Grover Zampa, backed by I-banker Ravi Viswanathan, a French national based in Singapore is looking to become the largest vineyard and wine producing company in India.

The market is dominated by Sula Vineyards, Nashik based producer of Chenin blanc, Sauvignon blanc, Riesling and Zinfandel grape varietals.

Sula, which held a market share of almost 70% in the Indian Wine Industry as of 2013, sells more than 1 million cases in a year whereas Grover Zampa sells 260,000 cases annually.

USL’s wine brand is Four Seasons, while HCC’s is Charosa.

Four Seasons’ vineyards is spread over 50 acres in Baramati, while Charosa’s winery is nestled amid 230-acre vineyards in Charosa village, both in Maharashtra.

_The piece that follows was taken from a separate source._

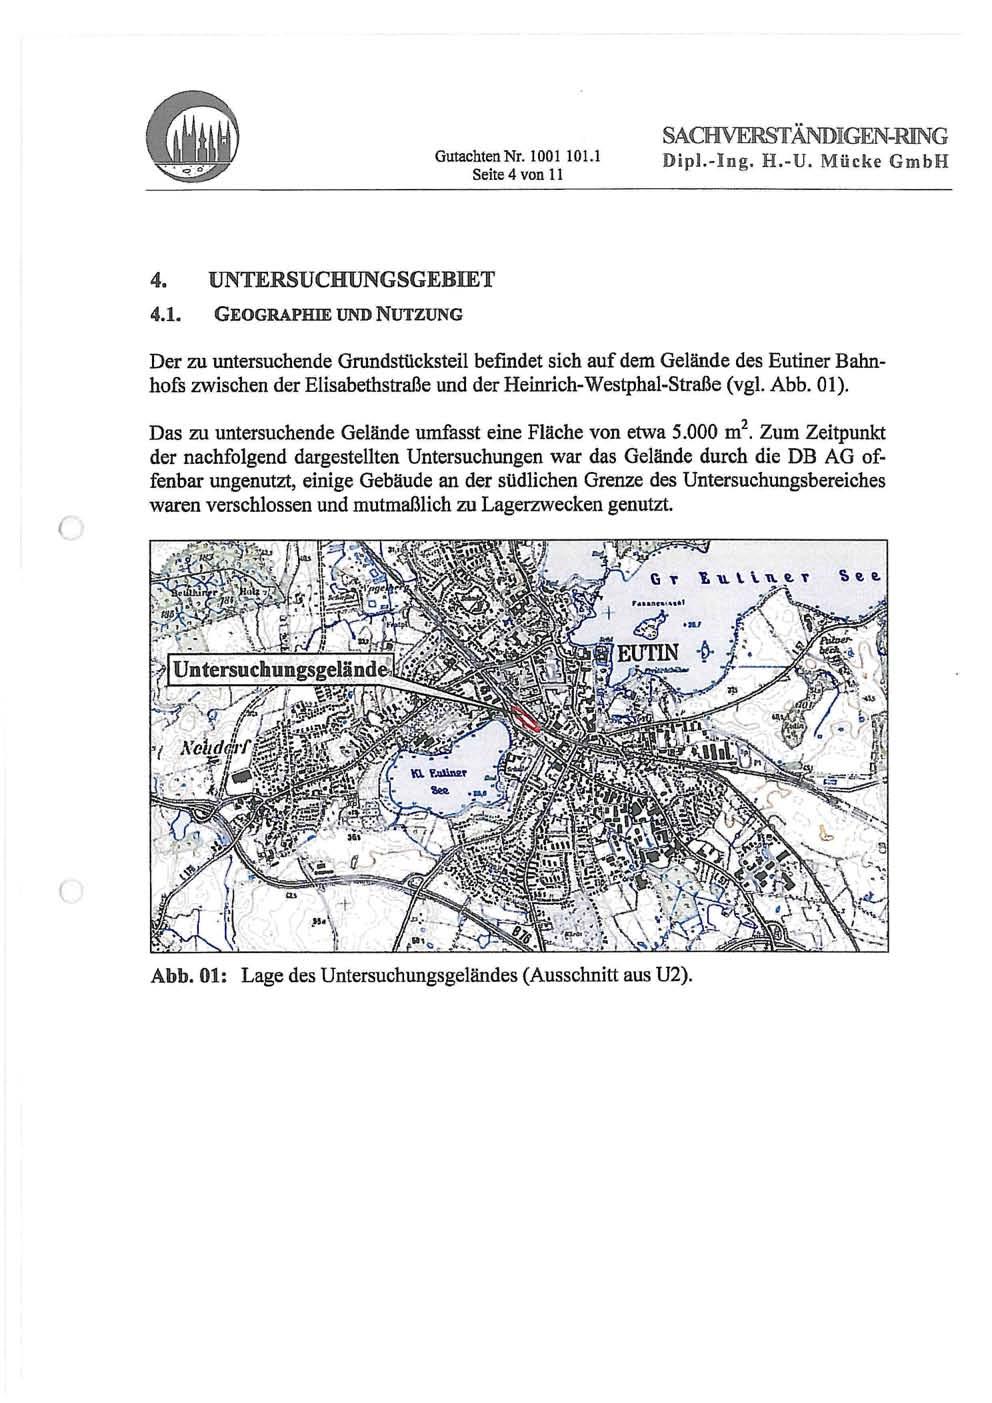 Gutachten Nr. 00 0. Seite 4 von SAaW RSTÄNDIGEN= ING Dipl.-Ing. H.-U. Micke GmbH 4» UNTEMSUCHUNGSGEBIET 4.

Vijay Mallya, former Chairman and promoter of USL led the company into the wine business in 2006 in partnership with the Sharad Pawar family.

Grover Zampa (GZV), which has vineyards in Nandi Hills, Karnataka and in Nashik, Maharashtra, acquired the Bangalore-headquartered wine brand, Myra Vineyards earlier this month.

It also appointed Ajay Shetty as chief lifestyle officer of GZV, reporting to Group CEO Vivek Chandramohan.

Recently, GZV secured significant funding led by Singapore-based wine investor Ravi Viswanathan to construct a new winery in scenic Nandi Hills, which will house state-of-the-art production facilities as well as a wine tourism oasis. 

Following the successful close of its £1.1 billion (US$1.40 billion) tender offer for USL in 2014, Diageo seemed not interested in the wine business.

It acquired 54.7% of USL with an offer of 38 billion shares at 3,030 rupees, a premium of 18% to USL’s share in mid-April.

Diageo began talks with Mallya about USL in late 2008, but at that stage the Indian entrepreneur put what Diageo’s then chief executive, Paul Walsh, said was an ‘exaggerated value’ on USL.

HCC, promoted by Ajit Gulabchand, entered the wine business in 2014, but a change in strategy is because of losses and debts.